» Exercise goal:
Take the data below and copy exactly the lines starting at the one with "卡通 冰球 矢量 冰球运动员 运动员 卡通冰球 体育 体育运动" and finishing at the one with "Jade Black with", both included.

» Records for the task:

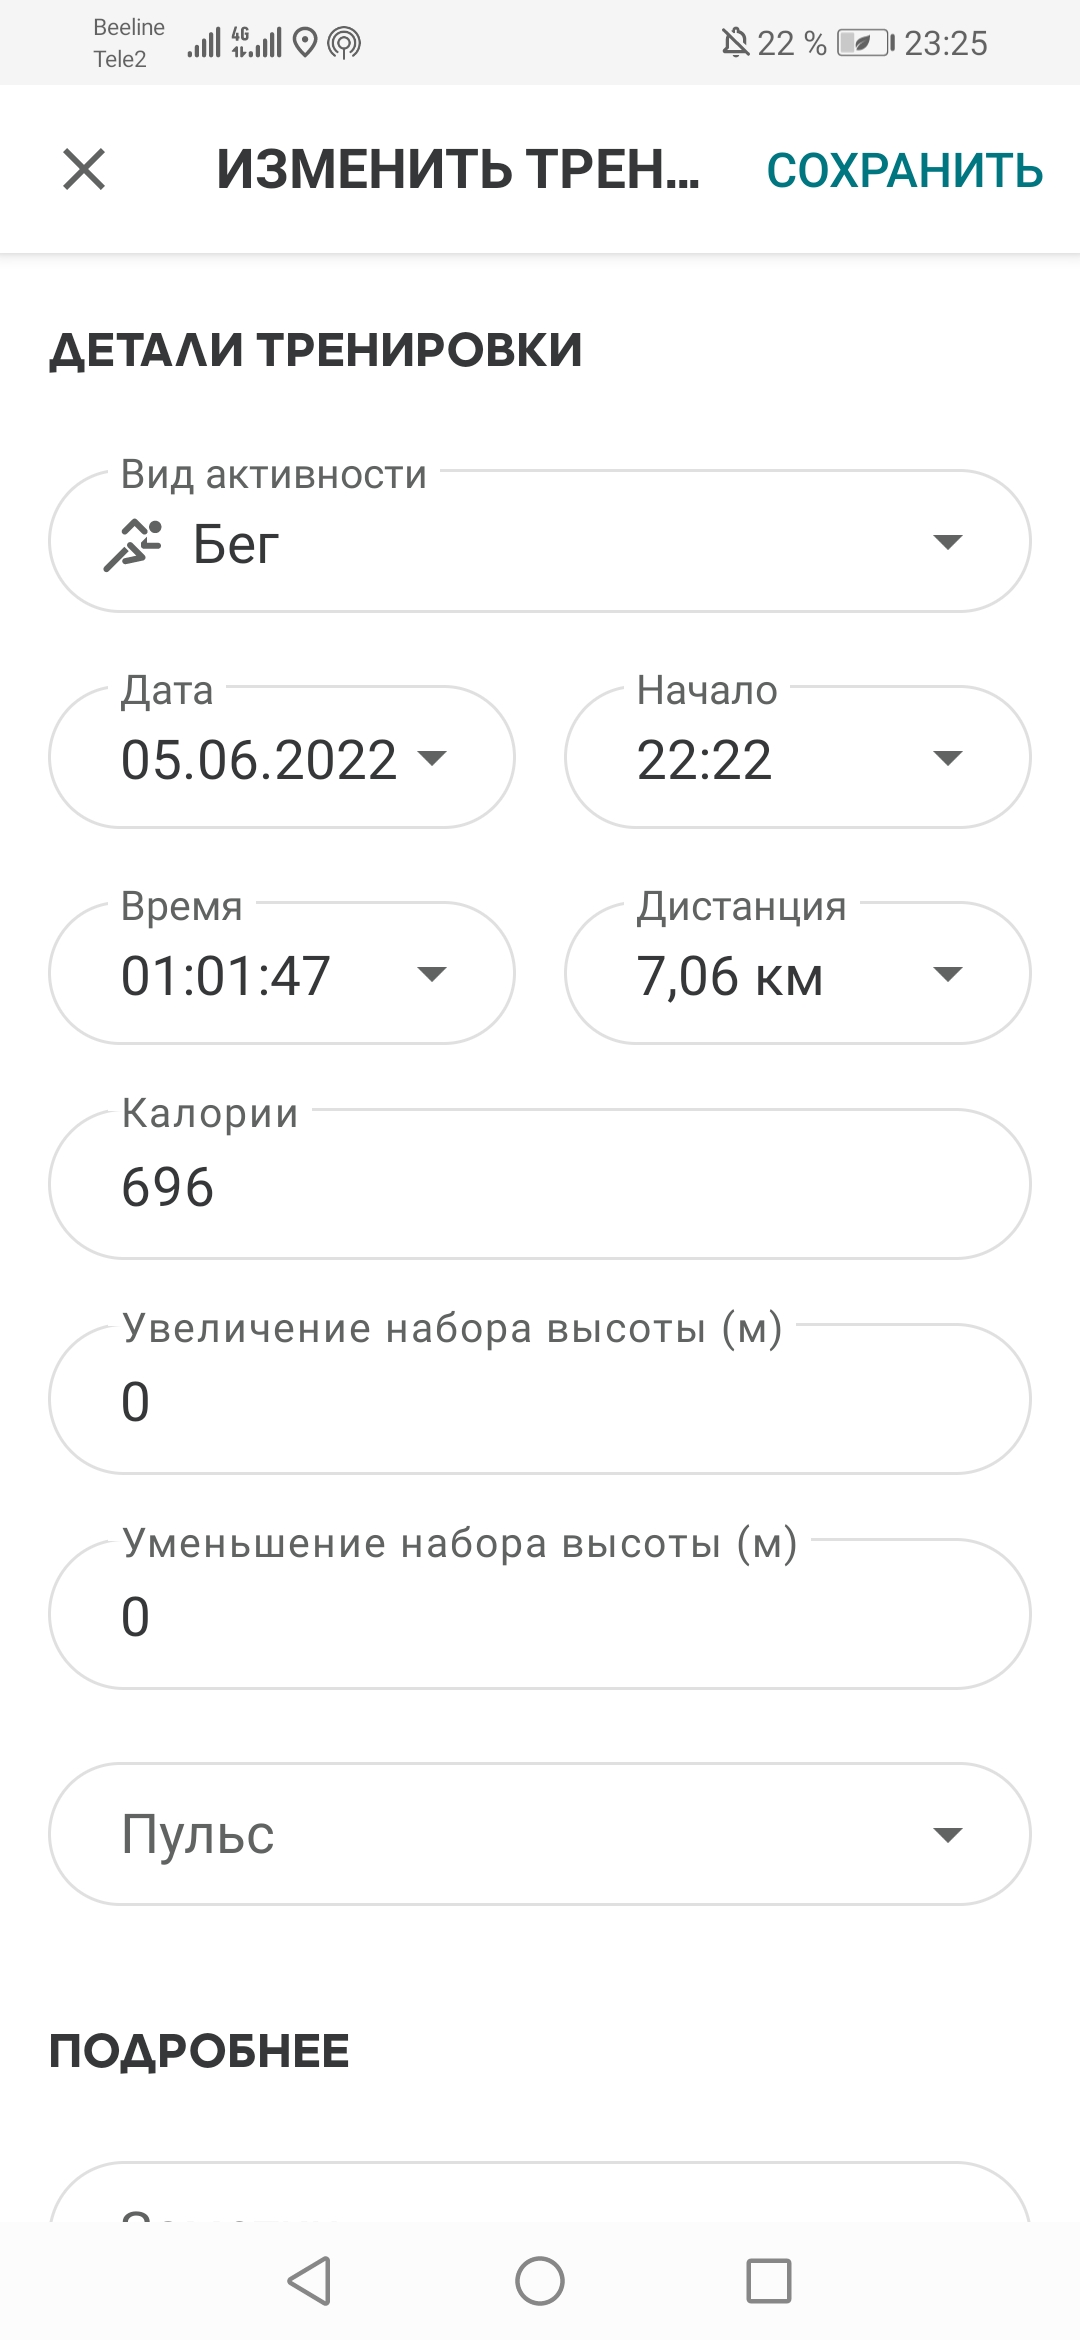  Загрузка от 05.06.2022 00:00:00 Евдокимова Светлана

---

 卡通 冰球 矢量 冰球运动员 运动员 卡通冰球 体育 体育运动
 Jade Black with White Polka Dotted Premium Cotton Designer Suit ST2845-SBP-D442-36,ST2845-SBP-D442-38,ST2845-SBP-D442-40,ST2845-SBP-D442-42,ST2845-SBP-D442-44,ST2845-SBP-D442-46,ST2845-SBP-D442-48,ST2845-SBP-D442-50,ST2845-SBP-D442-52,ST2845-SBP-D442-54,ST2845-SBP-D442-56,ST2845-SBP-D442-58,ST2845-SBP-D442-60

...

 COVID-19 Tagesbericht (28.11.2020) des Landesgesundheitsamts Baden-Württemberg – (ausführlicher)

» Solution to the problem:
 卡通 冰球 矢量 冰球运动员 运动员 卡通冰球 体育 体育运动
 Jade Black with White Polka Dotted Premium Cotton Designer Suit ST2845-SBP-D442-36,ST2845-SBP-D442-38,ST2845-SBP-D442-40,ST2845-SBP-D442-42,ST2845-SBP-D442-44,ST2845-SBP-D442-46,ST2845-SBP-D442-48,ST2845-SBP-D442-50,ST2845-SBP-D442-52,ST2845-SBP-D442-54,ST2845-SBP-D442-56,ST2845-SBP-D442-58,ST2845-SBP-D442-60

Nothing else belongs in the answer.